The U.S. Court of Appeals for the Fifth Circuit held that Carranza v. Holder, No. 11-60396, slip op. (5th Cir. Nov. 6, 2012) (Davis, Smith, and Dennis, JJ.). Judge Dennis wrote the panel’s decision.
This case involved an LPR convicted after a jury trial in 1993, three years before Congress repealed § 212(c) relief through the Illegal Immigration Reform and Immigrant Responsibility Act (IIRIRA). She was convicted of possession of marijuana with intent to distribute. Carranza was automatically pardoned in 1994 because this was her first drug offense; the conviction was expunged in 1999. Carranza, No. 11-60396, slip op. at 2.

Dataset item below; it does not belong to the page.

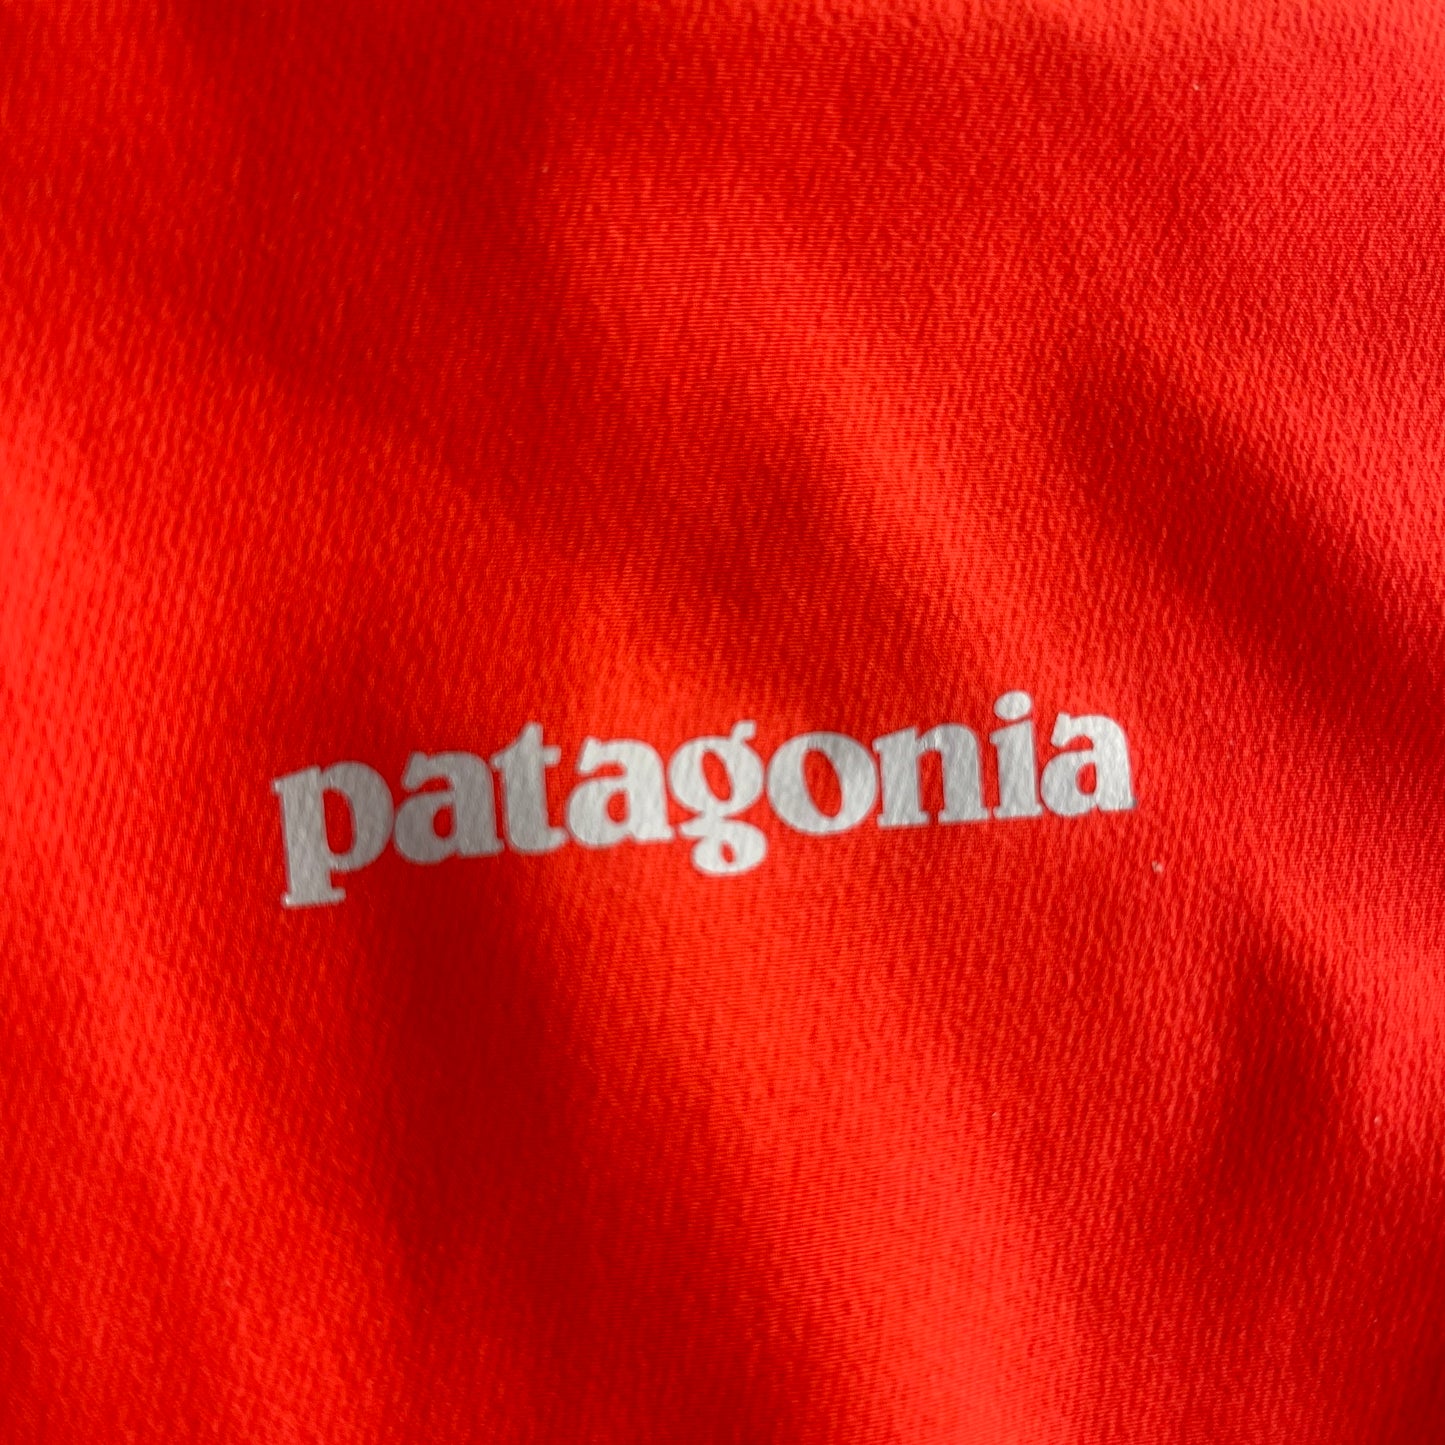 Jacke von Patagonia Damen S neon orange
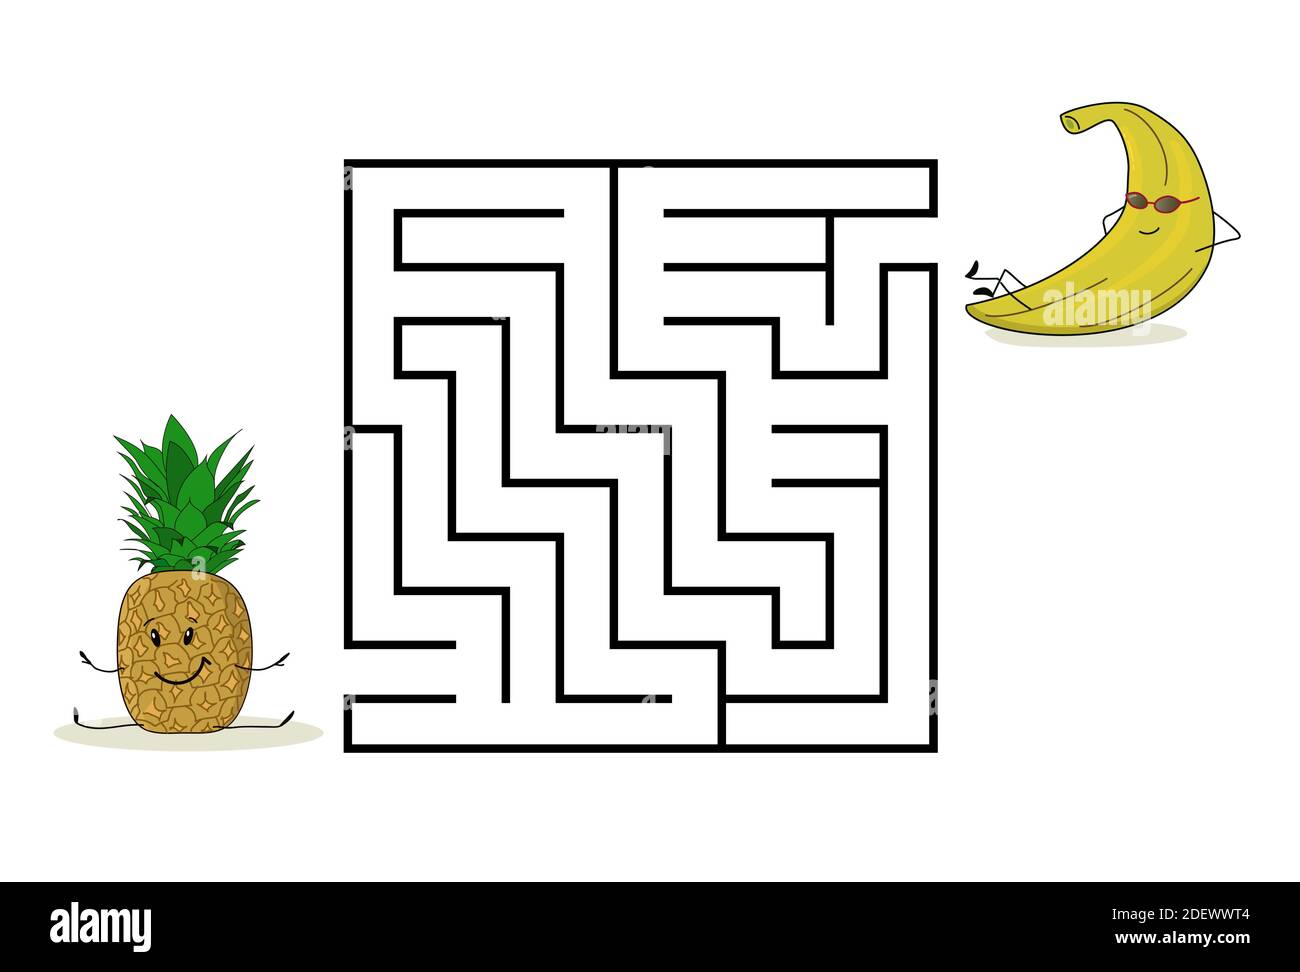 Labirinto di labirinti quadrati con personaggi cartoni animati. Carino frutta ananas e banana. Interessante gioco per bambini. Foglio di lavoro per l'istruzione. Illustrazione Vettoriale

First INS then DHS argued that she was removable, and the IJ agreed. The BIA affirmed and, in response to Carranza’s claim for § 212(c) relief, “noted that regulations limited eligibility for § 212(c) relief to aliens whose convictions were obtained by plea agreement prior to the enactment of IIRIRA.” Carranza, No. 11-60396, slip op. at 3. Relying on an earlier Fifth Circuit decision in Carranza’s case, this panel had no trouble moving past the question of whether her conviction after jury trial renders her ineligible; it doesn’t. As the panel put it, “we concluded in Carranza I [Carranza-De Salinas v. Gonzales, 477 F.3d 200 (5th Cir. 2007)] that, pursuant to Hernandez-Castillo [v. Moore], 436 F.3d 516 (5th Cir. 2006)], an alien who was convicted after a jury trial must ‘demonstrate actual, subjective reliance on the pre-IIRIRA state of the law to be eligible for relief from its retroactive application.” Carranza, No. 11-60396, slip op. at 4.
Given that the IJ concluded that Carranza failed to show actual reliance and the BIA affirmed, this would have been an easy case had it not been for the “game-changer” that the Supreme Court announced in Vartelas v. Holder, 132 S. Ct. 1479 (2012), to borrow the court’s characterization.
According to the Fifth Circuit’s reading of Vartelas, “[t]he Court explained that ‘the essential inquiry’ in determining whether a statute applies retroactively, ‘is whether the new provision attaches new legal consequences to events completed before its enactment.’” Carranza, No. 11-60396, slip op. at 8 (quoting Vartelas, 132 S. Ct. at 1491. Furthermore, “the Vartelas Court emphasized that the Court has never required a showing of reliance to demonstrate that a statute applies retroactively.” Carranza, No. 11-60396, slip op. at 9-10 (discussing Vartelas, 132 S. Ct. at 1490). Instead, “the Court’s language indicates that it does not require a showing of actual, subjective reliance, but rather only a showing of ‘likelihood of reliance on prior law.’” Carranza, No. 11-60396, slip op. at 9-10 (discussing Vartelas, 132 S. Ct. at 1491).
This is a significant change that benefits noncitizens. Instead of having to show that they actually relied on § 212(c)’s existence to put off seeking relief from removal, as the Fifth Circuit had previously required, Carranza suggests a much lower standard: a “likelihood” that they relied on the existence of § 212(c) relief. Under this standard, Carranza, the court concluded, was entitled to move forward with her request for § 212(c) relief.